Город ветра, огромный мегаполис, разрушенный и покинутый, стоял, объятый хаосом, пока над ним не пронеслось цунами, пока торнадо флейты не очистило улицы, насмешливо подражая печальным людским голосам и выдувая их, как перекати-поле; теперь город был такой же покинутый, но очищенный от мусора. Даже в радиопомехи не врывались больше голоса, звук стал совершенно необитаем. Бульвары, парки, предместья и центр города были покорены, завоеваны, захвачены ветром. Они стали собственностью ветра.
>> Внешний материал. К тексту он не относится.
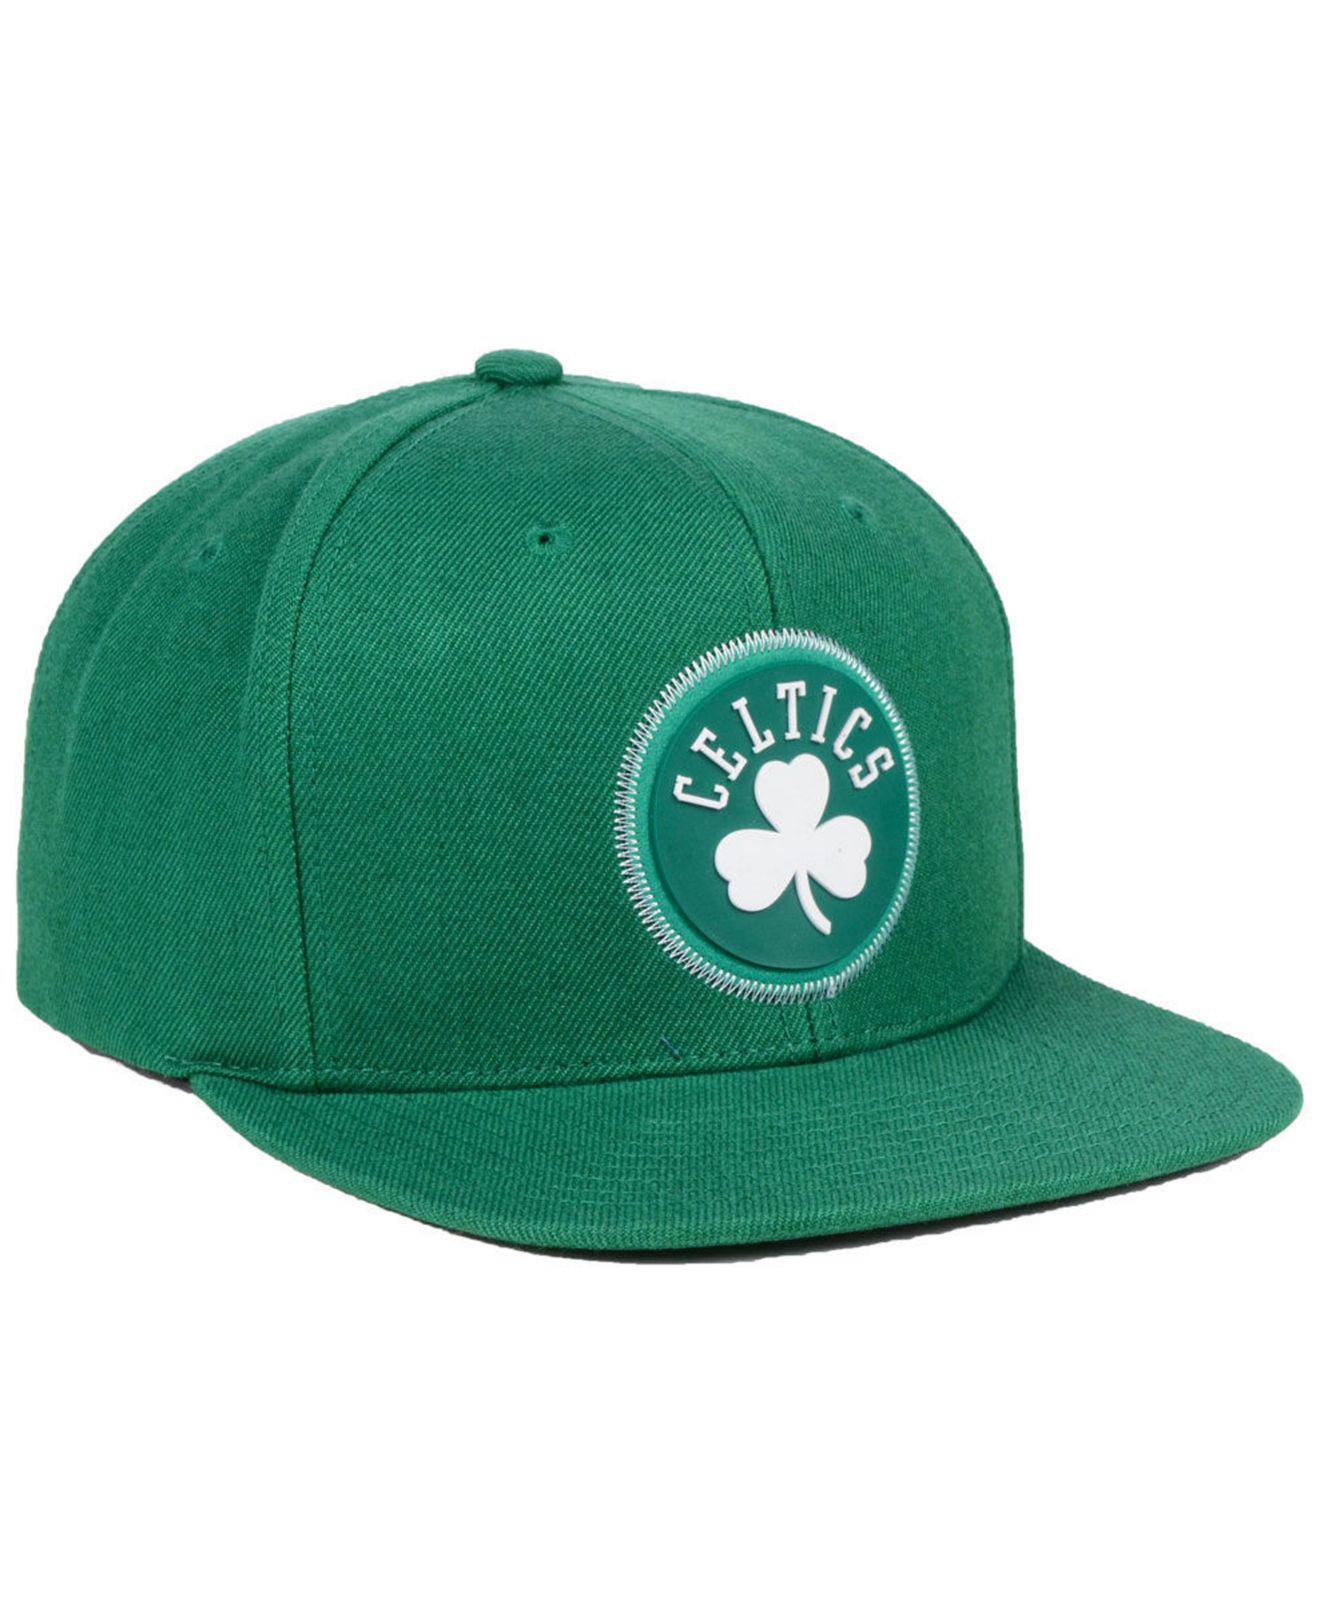 sale retailer 522dd ff39d ... inexpensive mitchell ness green boston celtics zig zag snapback cap for men  lyst. view fullscreen

Это был «Город ветра», название которого вызвало смех у Фабиана.
После той дурацкой шутки ей не хотелось больше говорить с Фабианом об этом. Вот Пит, он действительно все понимал. На самом деле, когда он услышал куски трека, он сказал, что Наташа — единственная, кто смог понять его.
Пит любил этот трек необыкновенно страстно. Она полагала, что его притягивала идея целого мира во власти ветра.
Маленькая квартирка в Уилсдене не переставала сниться Краули. Ее простота и непритязательность больше не вводили его в заблуждение. Квартирка была динамо-машиной. Она превратилась в генератор ужасов.
Он сидел на корточках, рассматривая еще одно обезображенное лицо.
Квартирка вся пропиталась насилием. В ней была заключена громадная притягательная сила, побуждавшая людей наносить жестокие кровавые увечья. Краули кожей чувствовал, что здесь таилась какая-то жуткая ловушка. «Вот мы и снова здесь», — думал он, разглядывая кровавую маску — разбитое лицо — на полу.
Здесь произошло первое убийство, здесь он увидел на газоне тело отца Сола, выпавшее из окна. Правда, его не превращали методично в мягкое месиво, как это. Может быть, он спасался бегством из квартиры. Может быть, поэтому его травмы были не такими жестокими, он получил их при падении, зная, что останься он внутри, то не просто бы умер, а был бы вот так раздавлен. Он не захотел умирать, как червяк, и поэтому бросился из окна, он хотел погибнуть как человек.
Краули тряхнул головой. У него сдавали нервы, он не мог с собой справиться. «Мы снова здесь». Это невыносимо: Баркер и Пейдж с изуродованными лицами заглядывали ему через плечо. И вот еще одна изувеченная жертва на этом алтаре. Девушка лежала на спине, окруженная кошмарной лужей крови. Голова была повернута на сто восемьдесят градусов. Краули посмотрел вверх, на дверной проем. Там, куда девушку припечатали лицом, на деревянном косяке остались следы крови и слюны, при ударе разлетевшихся брызгами в стороны.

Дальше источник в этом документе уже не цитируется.